As with many other dimensions of modern software development, “time to value” (which is ultimately what the C-suite cares about) and developer experience (which is absolutely critical to that time to value) depend on an environment or platform that consistently prioritizes automation, interoperability, integration, speed, and flexibility. Throw in openness — as a counterweight to vendor lock-in — for good measure, too.
Companies with considerable time series data use cases, Kudalugodaarachchi said, may benefit from using a data store that specializes in time series data, since it will take into account the challenges described previously, such as performing those time-slice aggregations in the database itself (instead of the application layer) to deliver near-real-time response rates.
This means developers build quickly and see results faster — without spending countless hours on database administration or other operational headaches outside of their wheelhouse.
This is essentially what InfluxData built with InfluxDB, a developer-oriented platform for building and scaling time series applications that streamlines the common challenges teams face in terms of ingestion, real-time analytics, storage, and more.
For any company with significant time series data use cases, Nelson stressed the need for a time series solution that “meets developers where they are.”
At InfluxData, she said, “we focus on all the different ways to help a developer get their data into the time series database, and manage it within the database. The developer typically has a need to store a lot of time-series data, to use it as part of their application. They want to be able to analyze and be able to act on it. They don’t want to spend all their energy just trying to figure out how to get their data in the right format, store it efficiently, and manage it over time.”
Significant attention has been given to how data is ingested and how developers query it. Users of InfluxData’s solution can use either SQL, InfluxQL (the Influx query language), or Flux, which enables users to not only query the data but act on it.
Data query results are presented in a user-friendly fashion. For instance, Nelson said, the web UI “enables you to just basically point and click, select your measurements, select your time range, and we will show you the results in any one of a variety of different graphical formats.”
The company also maintains an open source project, Telegraf, an agent that sits at the edge. It has more than 300 different plugins that can fit to the protocols for pulling data from edge devices. Then, Nelson said, it can write “to wherever the time series destination would be, with transformation, batching and retry logic, all in that agent.” This makes for a much more resilient data pipeline.
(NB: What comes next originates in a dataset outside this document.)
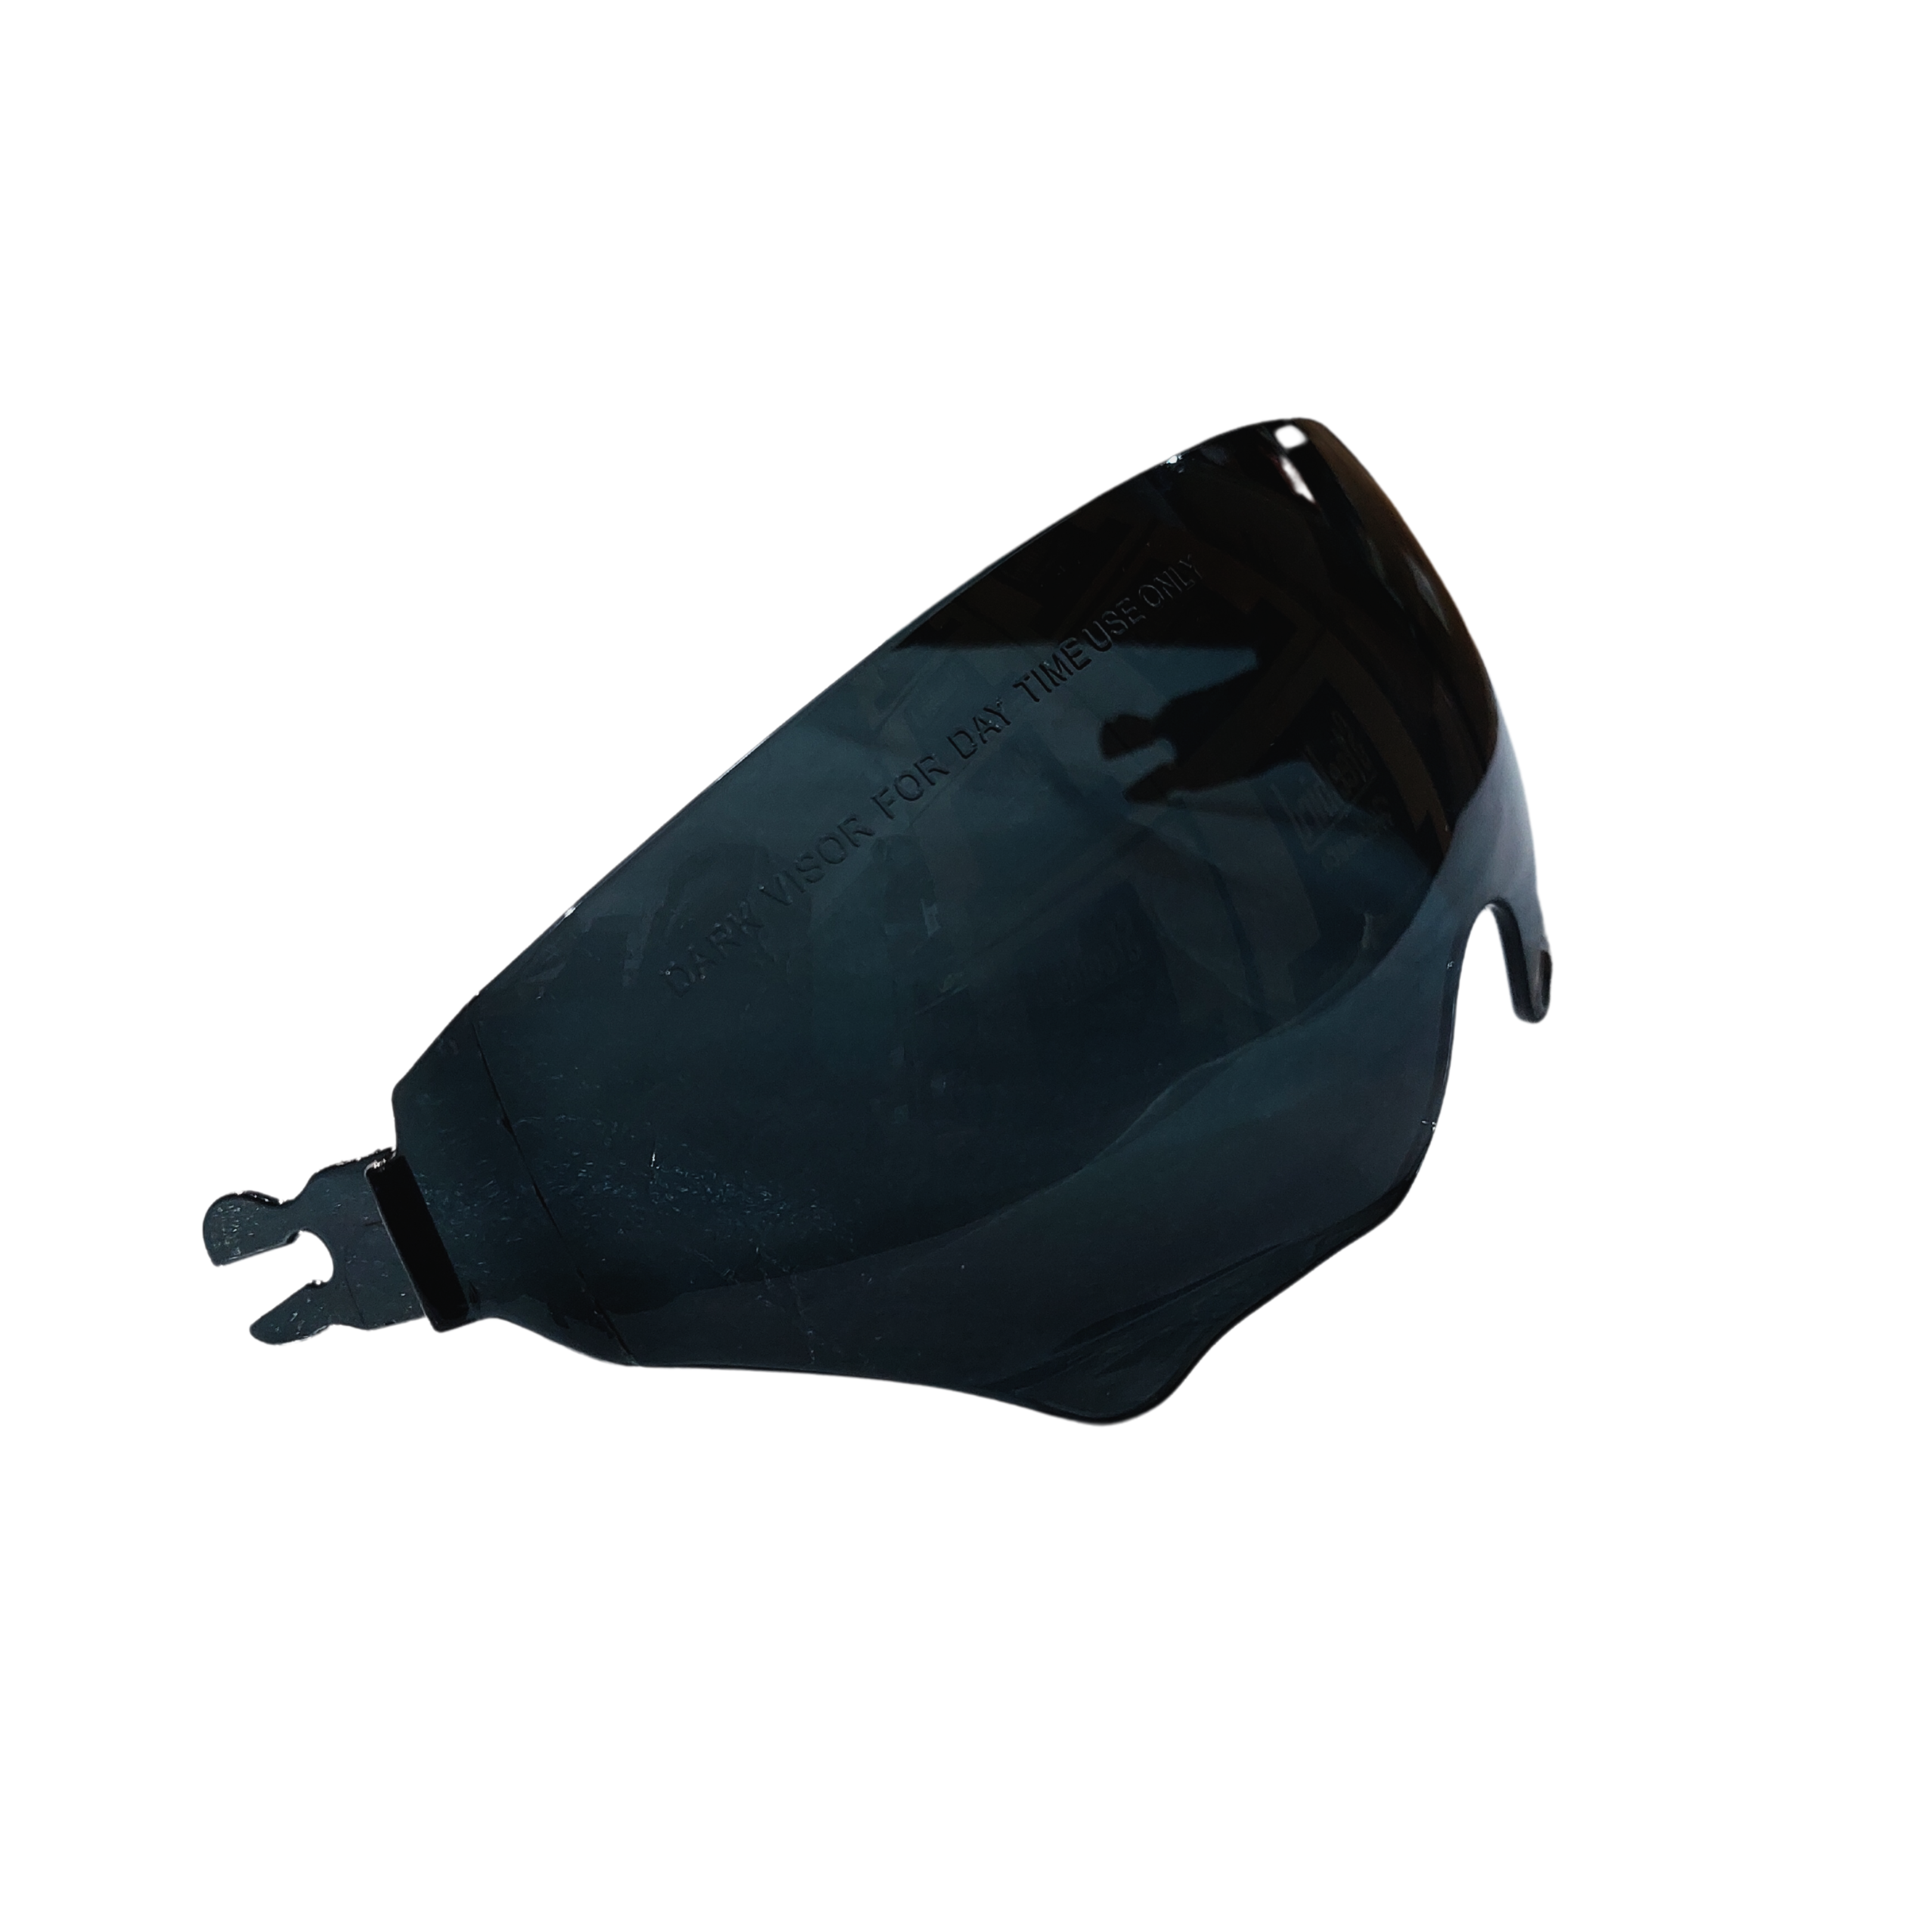 SBA7 & Headfox Air Smoke Black Inner Helmet Visor or inner goggle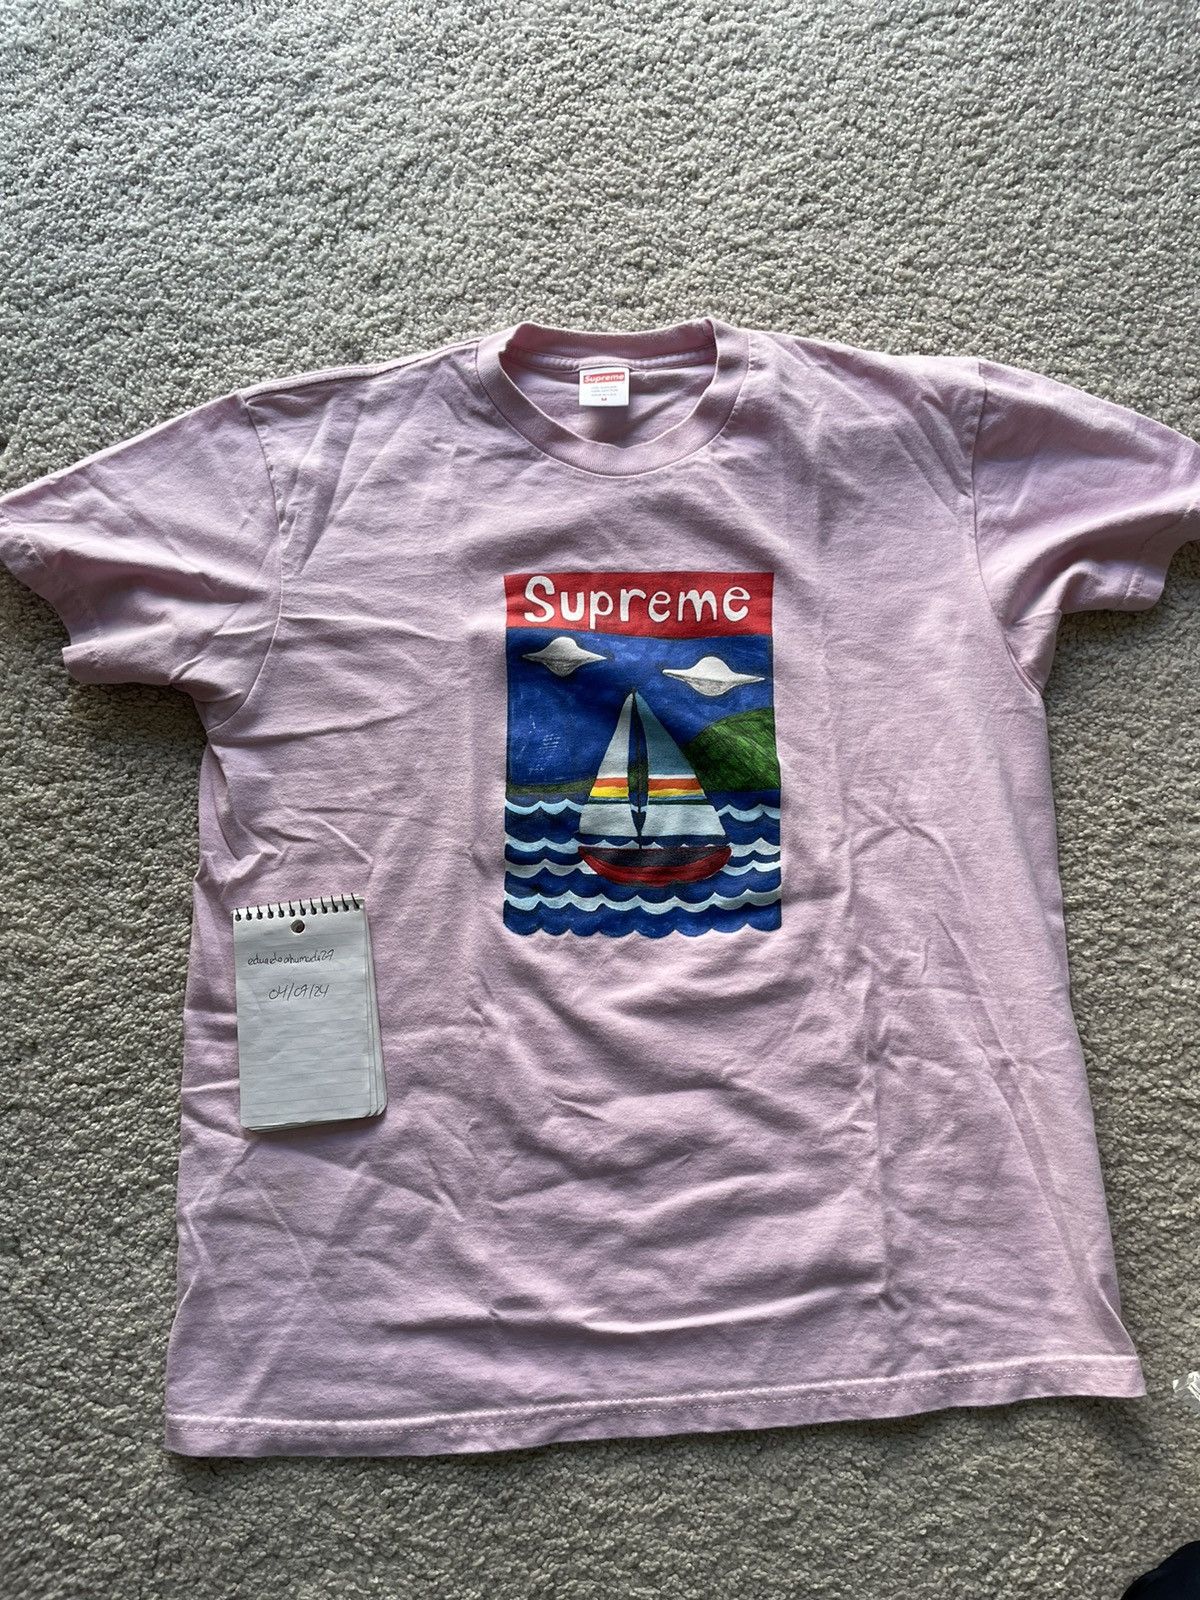 Supreme Supreme Sailboat Tee Light Pink | Grailed

InfluxData is also designed to help developers manage their data over time. Time series data can fill up disk space with old data if you don’t keep an eye on it.
“When you first define a bucket, which is the term we use for the database that is storing this data, you define a retention policy,” Nelson said. “You can say, ‘Hey, data in this bucket, I want to keep it for six months.’ And then we take care of auto-purging it over time, so you don’t run into the situation where your disks are filling.”
She summarized, “We make it very easy for you to do a combination of retention policy enforcement and downsampling. So that you can basically have all of this data flowing in on an ongoing basis, and not risk that, at some point, you’re suddenly going to find that you have a lot of ancient data that you have to clean up and deal with. We take care of that for you.”
The InfluxData approach, Nelson said, comes from looking “holistically at the day in the life of the developer who is trying to build an application that has time series data. … we’ve looked at well, what are all the things they’re likely to need to do? And how do we make that easier for them?
“We don’t want to say to the developer that they need to make all these changes to match our world. No. We will develop capabilities to match your world.”